This is the third post in a series on how to best take advantage of FeedJournal Reader. Today, I describe how you can select any text to be published in the next issue of your personalized newspaper.
If you are like me, you are probably receiving links to interesting online articles from a multitude of sources: e-mail, newsletters, ads, feeds, etc. I find that more and more relevant and interesting information is becoming available online, but I usually don't have opportunity to read it at the time of discovery. I would like to file it away and read it later.
The simplest strategy would be to bookmark the web page and browse my bookmarks once I have some time available. I could use my web browser's bookmark feature, an online boomarking service like Furl or del.icio.us, or use Instapaper. Provided I am online, these solutions allow me to access the relevant articles, but they don't allow me to read the article uninterrupted.
As I often touch upon in my blog, there is a fundamental problem with reading long texts on a computer.
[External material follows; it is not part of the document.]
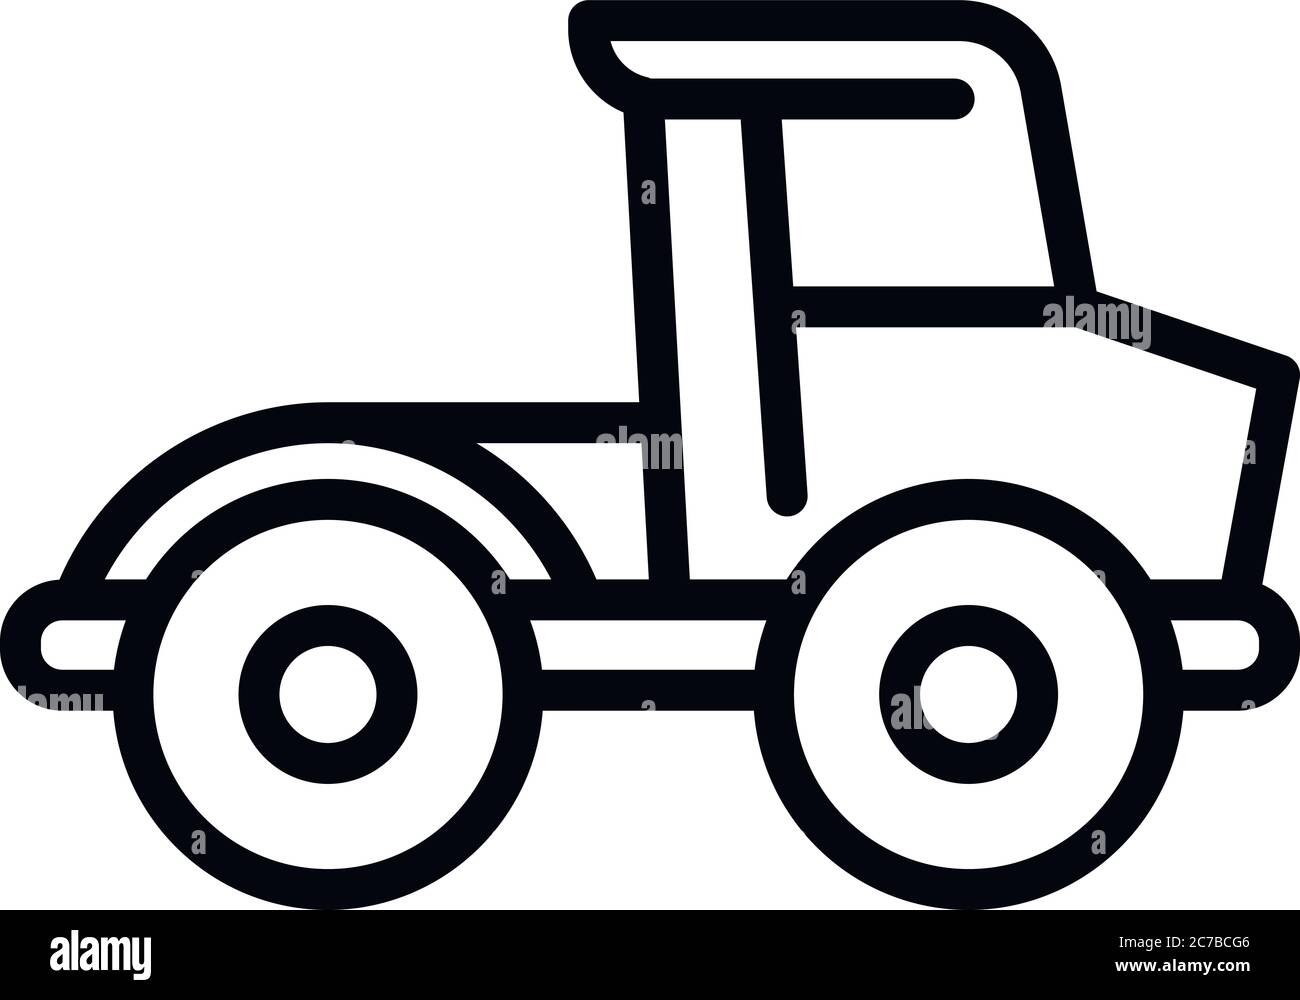 Icône bulldozer agricole. Tracer les contours de l'icône vectorielle de bulldozer agricole pour la conception de sites Web isolés sur fond blanc Illustration de Vecteur

I suggest printing the articles on paper so you can concentrate fully on the reading task at hand and thereby use your reading time more effectively. A more bulky, but interesting, alternative to paper is of course the e-reader devices, which are doing an excellent job of emulating the experience of reading printed material.
If you decide to go the route of printing your reading list, you might find FeedJournal Reader a very attractive solution. It's a service, which allows you to subscribe to news feeds and periodically publish them in a personalized paper.
To make your paper even more valuable, you can mark any text not in your subscription list to be published in the upcoming issue. Below is my preferred recipe:
Ingredients (all free): One Google Notebook account with the browser extension (optional) and one FeedJournal Reader account.
Scenario: You have browsed to an interesting article but have no time to read it right now.
Instructions: Select the text with the mouse, right-click on the selection and choose "Note this (Google Notebook)". The text have now been saved to your Google Notebook account. Make sure it is added to a section marked as shared, as it enables RSS feeds from the notebook. Grab the feed URL from the public page of your Google Notebook and subscribe to it in FeedJournal Reader. Once you subscribed to that section's RSS feed, any additional entries you add to Google Notebook will be automatically published in FeedJournal Reader.
Another solution I have been successful with is Evernote 2.0 which replaces Google Notebook's functionality in the scenario above. Evernote is still in invitation-only beta mode, but looks very promising since it offers client applications for both web, Windows, Mac and mobile platforms. I have invites to share for accessing Evernote beta, so just let me know if you would like one.
UPDATE (Apr 24, 2008): As Ken Lawrence correctly pointed out to me, the Evernote solution does not work for FeedJournal, because it cuts off the notes if they are too long. This correction only invalidates the last paragraph of my blog post. Using the suggested Google Notebook service works as advertised. Thanks, Ken!